Now, I come from a very humble background. I was born in New York
City, well, actually Queens, well, actually Flushing, and honey,
it's a world away from Manhattan. When I was a young child my dad
worked two jobs to support us, but when he got home he always
made sure he kissed me and my sister, Nadine, good night, even if
we were fast asleep. We felt his love. And my mother, the most
loving, happy person I'll ever have the privilege of knowing,
created an adoring, wonderful, and safe environment in which we
kids were able to blossom. They always said, "We don't have
a lot of money, but we're very rich anyway." And we were.
My bedroom and my parents' shared a common wall, and over the
years I recall so much laughter coming from the other side of
that wall. It was music to my ears as I'd lie in bed and stifle
contagious giggles. I like to regard them as Hansel and Gretel
because they've never been spoiled or jaded by life but take
genuine pleasure in the simplest things. A happy family, good
health, an ice cream sundae with wet nuts, and a two-dollar movie
at the multiplex pretty much answers all their prayers,
especially if they can sneak into another feature.
While shoving myself into my Sergio Valente jeans for school one
morning I heard Harry Harrison, a local deejay, announcing that
girls between the ages of thirteen and seventeen should send in a
fifteen-dollar check or money order, along with an entrance
application, to compete in the Miss New York Teenager pageant.

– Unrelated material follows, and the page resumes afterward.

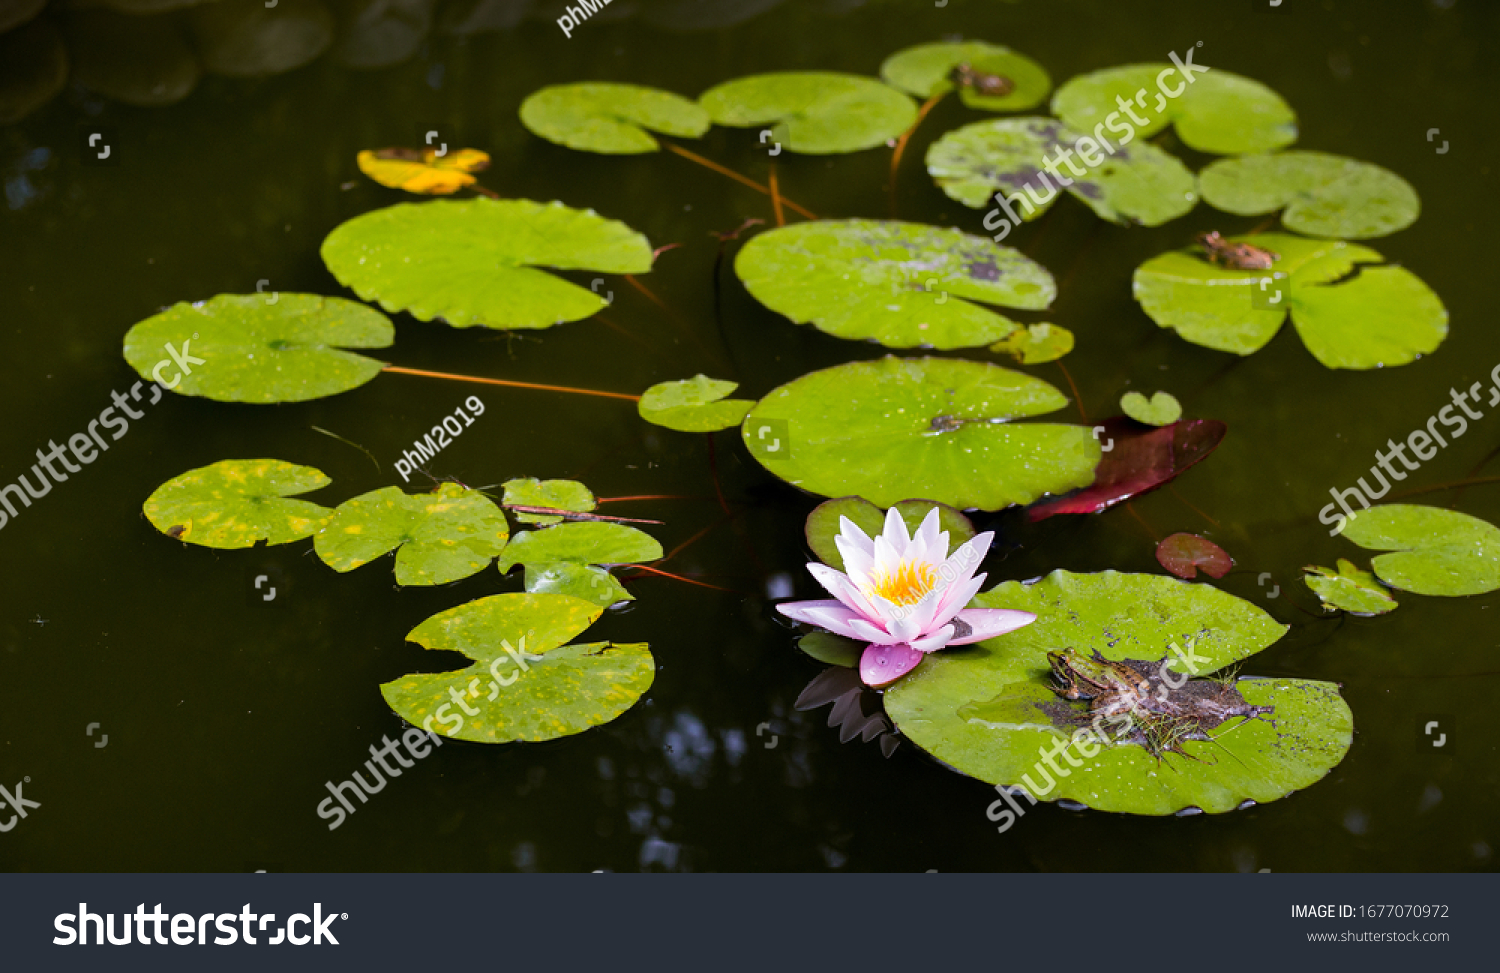 Lake with water-lily flowers on dark water. Beautiful pink water lily, Flower blooming #1677070972
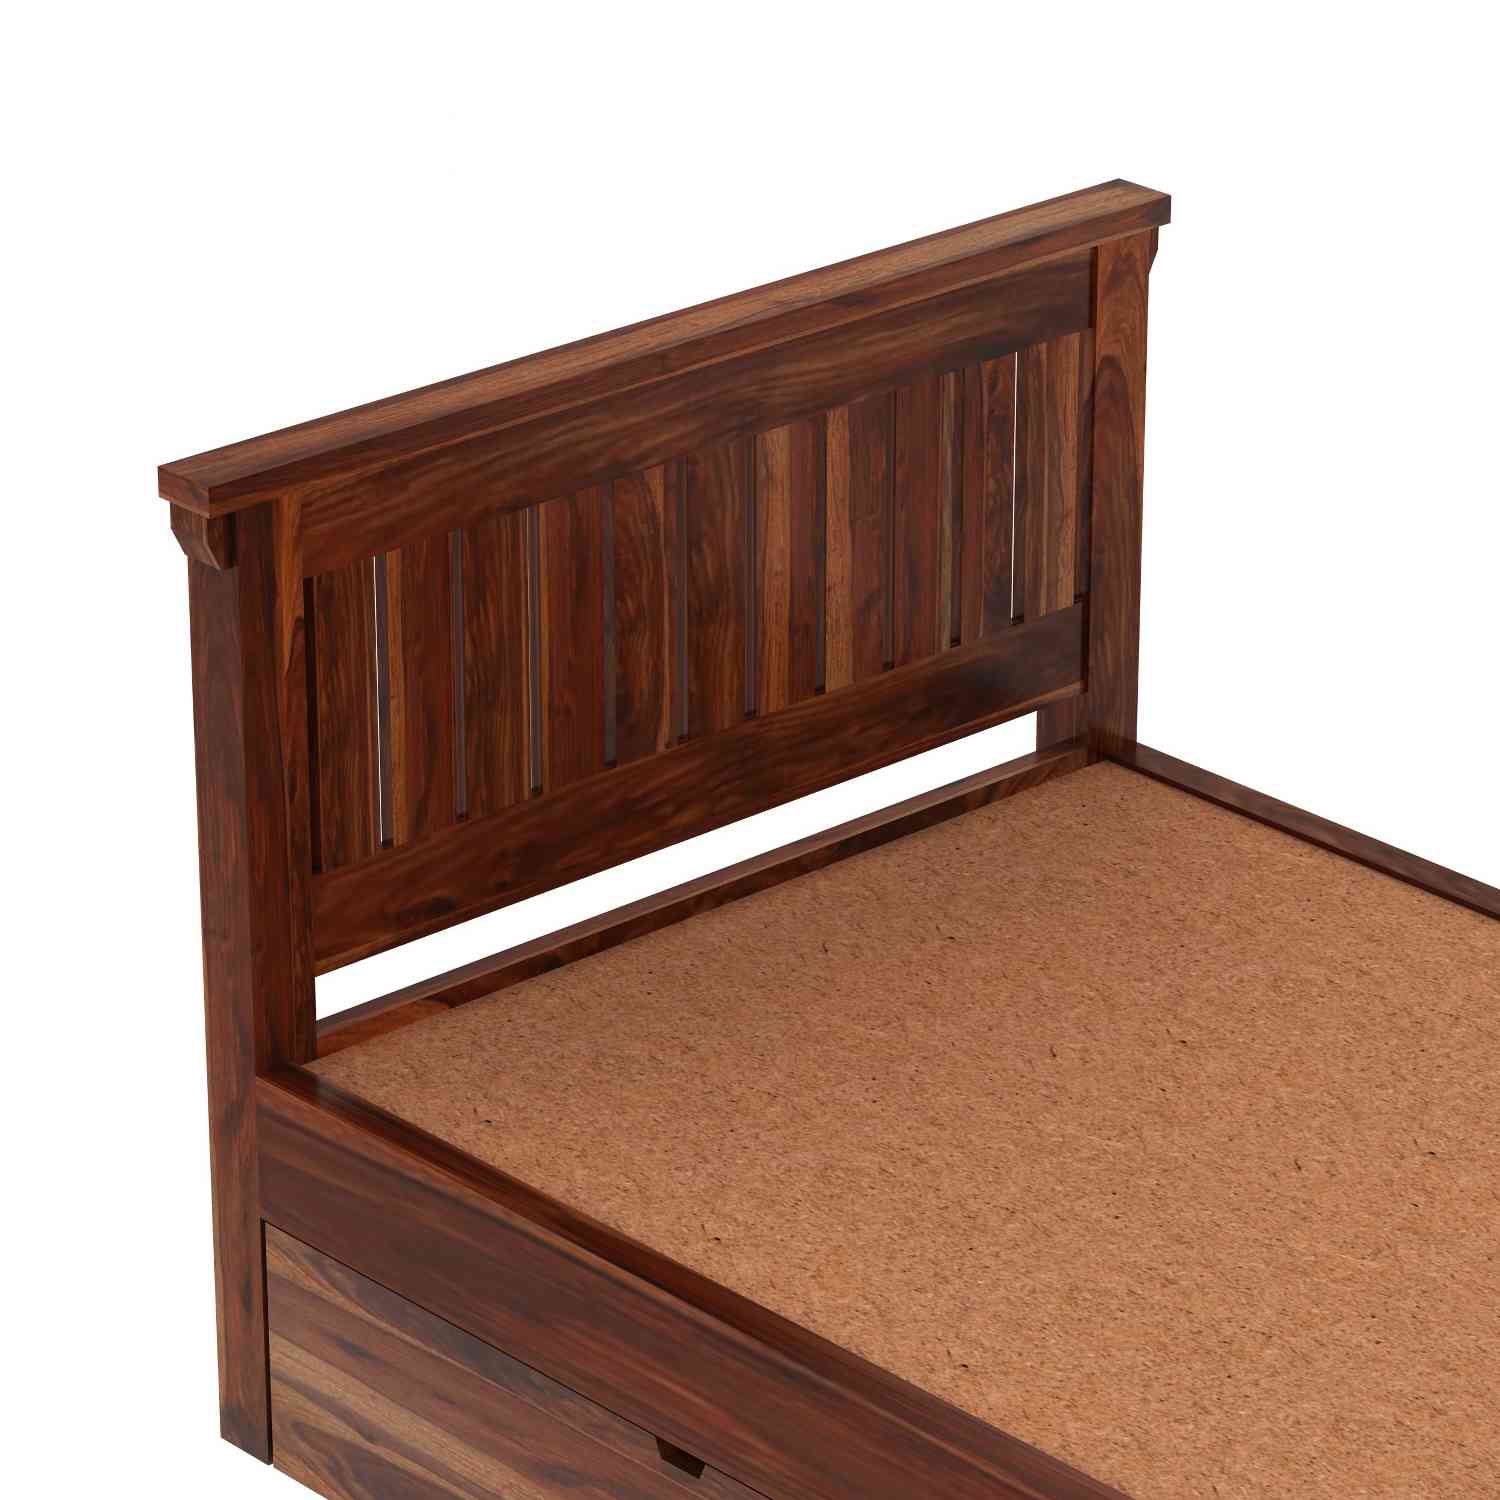 Trinity Solid Sheesham Wood Single Bed With Two Drawers (Natural Finish)

Not what you'd call a terribly discriminating contest - I mean,
anyone with fifteen bucks and carfare to Manhattan got in - but I
saw this as my ticket to stardom and quickly sent in the money. I
remember finding the perfect dress at Macy's. Even back then I
realized the necessity of looking wholesome, so on the day of the
contest I tried my best to look as "white bread" (the
industry term for Midwestern) as possible and wore a long
bone-satin dress with a soft shoulder ruffle (very Mary Ann
Mobley), a tasteful pair of two-inch pumps (ya know, stewardess
shoes), and three coats of royal blue mascara (whoopsie). Well,
honey, you can take the girl out of Flushing . . .
The contestants were all primping backstage. You could asphyxiate
yourself on the hair-spray fumes. Thank God there wasn't a talent
competition, because none of us could do anything, but there was
the oh-so-important question and answer portion. One contestant
told the judge her hobby was sewing, to which the judge asked
what it was she liked to sew. And in her authentic Brooklynese
she responded, "Uh, rips and tears . . ." Hello?
Meanwhile, she won, but I placed as first runner-up and left with
a fifteen-dollar trophy in my hand. Well, at least I broke even.
Today the trophy sits on my vanity in the bedroom set of The
Nanny, but then I felt like such a loser. I couldn't believe
I'd lost to the rips-and-tears chick, but my mom explained,
"Fran, placing first runner-up is not bein' a loser, you're
a winner . . . it's the three hundred other girls without
trophies who are the losers!" Ma always had a way of making
me feel better with what we on The Nanny call simple
Queens logic. She's right, I thought, and proceeded to follow
through with my plan to use my title as a door opener. Each day
after school I would dial talent agencies and introduce myself
with my new title: "Hello, my name is Fran Drescher and I'm
the winner of the Miss New York Teenager pageant!" So
I exaggerated a little, sue me. Meanwhile, I got myself an agent.